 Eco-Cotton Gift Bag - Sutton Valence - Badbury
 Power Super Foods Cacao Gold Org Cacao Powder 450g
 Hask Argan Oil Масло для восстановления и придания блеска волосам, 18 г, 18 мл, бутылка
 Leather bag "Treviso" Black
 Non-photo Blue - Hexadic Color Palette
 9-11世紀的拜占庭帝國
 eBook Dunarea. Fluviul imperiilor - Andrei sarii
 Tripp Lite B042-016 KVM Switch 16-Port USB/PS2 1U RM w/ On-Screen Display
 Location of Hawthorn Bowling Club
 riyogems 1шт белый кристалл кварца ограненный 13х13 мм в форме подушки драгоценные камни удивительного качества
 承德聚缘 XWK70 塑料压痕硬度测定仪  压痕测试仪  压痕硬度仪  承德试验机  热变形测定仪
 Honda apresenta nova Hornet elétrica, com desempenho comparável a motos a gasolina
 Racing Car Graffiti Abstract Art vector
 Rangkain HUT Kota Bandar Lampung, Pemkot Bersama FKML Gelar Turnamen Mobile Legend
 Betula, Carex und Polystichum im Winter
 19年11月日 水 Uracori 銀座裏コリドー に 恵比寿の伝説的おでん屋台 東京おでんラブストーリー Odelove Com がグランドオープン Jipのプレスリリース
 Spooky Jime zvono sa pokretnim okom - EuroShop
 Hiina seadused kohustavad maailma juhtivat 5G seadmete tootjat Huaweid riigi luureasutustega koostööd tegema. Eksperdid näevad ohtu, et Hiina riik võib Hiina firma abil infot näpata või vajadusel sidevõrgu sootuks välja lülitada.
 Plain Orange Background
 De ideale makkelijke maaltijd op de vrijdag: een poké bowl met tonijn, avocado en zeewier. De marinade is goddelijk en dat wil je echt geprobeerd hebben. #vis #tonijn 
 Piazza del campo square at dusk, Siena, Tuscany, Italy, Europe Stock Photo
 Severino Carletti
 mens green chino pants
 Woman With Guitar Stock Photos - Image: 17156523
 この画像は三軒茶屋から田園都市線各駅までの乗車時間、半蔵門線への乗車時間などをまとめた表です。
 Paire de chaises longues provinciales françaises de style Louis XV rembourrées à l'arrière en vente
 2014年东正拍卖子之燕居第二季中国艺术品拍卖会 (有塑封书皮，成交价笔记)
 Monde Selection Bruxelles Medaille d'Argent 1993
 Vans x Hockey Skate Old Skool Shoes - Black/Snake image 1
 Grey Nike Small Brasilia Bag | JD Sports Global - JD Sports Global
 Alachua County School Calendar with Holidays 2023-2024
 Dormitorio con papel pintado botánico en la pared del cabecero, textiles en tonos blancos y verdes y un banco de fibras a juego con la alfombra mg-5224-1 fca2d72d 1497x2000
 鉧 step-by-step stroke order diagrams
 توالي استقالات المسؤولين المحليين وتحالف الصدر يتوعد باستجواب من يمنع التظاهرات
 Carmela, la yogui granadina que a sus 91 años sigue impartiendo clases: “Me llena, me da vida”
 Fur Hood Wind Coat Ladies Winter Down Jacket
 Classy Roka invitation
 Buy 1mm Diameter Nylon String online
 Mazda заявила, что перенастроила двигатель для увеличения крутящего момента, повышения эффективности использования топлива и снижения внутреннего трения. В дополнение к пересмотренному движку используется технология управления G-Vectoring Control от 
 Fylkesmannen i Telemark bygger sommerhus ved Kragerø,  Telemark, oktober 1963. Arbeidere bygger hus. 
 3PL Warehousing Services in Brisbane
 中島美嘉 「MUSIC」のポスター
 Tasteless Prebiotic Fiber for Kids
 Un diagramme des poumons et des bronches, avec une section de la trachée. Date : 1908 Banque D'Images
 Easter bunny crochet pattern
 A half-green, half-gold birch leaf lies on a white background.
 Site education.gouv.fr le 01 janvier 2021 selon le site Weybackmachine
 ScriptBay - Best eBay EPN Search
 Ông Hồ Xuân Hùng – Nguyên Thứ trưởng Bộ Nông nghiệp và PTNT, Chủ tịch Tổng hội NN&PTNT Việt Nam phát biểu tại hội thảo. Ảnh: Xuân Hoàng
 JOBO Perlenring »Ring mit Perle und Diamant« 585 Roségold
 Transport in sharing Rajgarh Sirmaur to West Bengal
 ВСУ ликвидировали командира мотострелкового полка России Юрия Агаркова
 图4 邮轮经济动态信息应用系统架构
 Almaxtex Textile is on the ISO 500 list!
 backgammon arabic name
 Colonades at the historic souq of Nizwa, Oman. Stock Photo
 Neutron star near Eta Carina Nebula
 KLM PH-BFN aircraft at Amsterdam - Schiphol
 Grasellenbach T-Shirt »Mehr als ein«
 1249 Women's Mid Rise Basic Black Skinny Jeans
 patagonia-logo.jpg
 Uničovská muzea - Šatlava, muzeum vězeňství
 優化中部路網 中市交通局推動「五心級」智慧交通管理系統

══════════

• _EXERCISE DESCRIPTION_: From the data above, output exactly the lines between the one containing "承德聚缘 XWK70 塑料压痕硬度测定仪" and the one containing "De ideale makkelijke", counting both of them.

• _REPLY_:
 承德聚缘 XWK70 塑料压痕硬度测定仪  压痕测试仪  压痕硬度仪  承德试验机  热变形测定仪
 Honda apresenta nova Hornet elétrica, com desempenho comparável a motos a gasolina
 Racing Car Graffiti Abstract Art vector
 Rangkain HUT Kota Bandar Lampung, Pemkot Bersama FKML Gelar Turnamen Mobile Legend
 Betula, Carex und Polystichum im Winter
 19年11月日 水 Uracori 銀座裏コリドー に 恵比寿の伝説的おでん屋台 東京おでんラブストーリー Odelove Com がグランドオープン Jipのプレスリリース
 Spooky Jime zvono sa pokretnim okom - EuroShop
 Hiina seadused kohustavad maailma juhtivat 5G seadmete tootjat Huaweid riigi luureasutustega koostööd tegema. Eksperdid näevad ohtu, et Hiina riik võib Hiina firma abil infot näpata või vajadusel sidevõrgu sootuks välja lülitada.
 Plain Orange Background
 De ideale makkelijke maaltijd op de vrijdag: een poké bowl met tonijn, avocado en zeewier. De marinade is goddelijk en dat wil je echt geprobeerd hebben. #vis #tonijn 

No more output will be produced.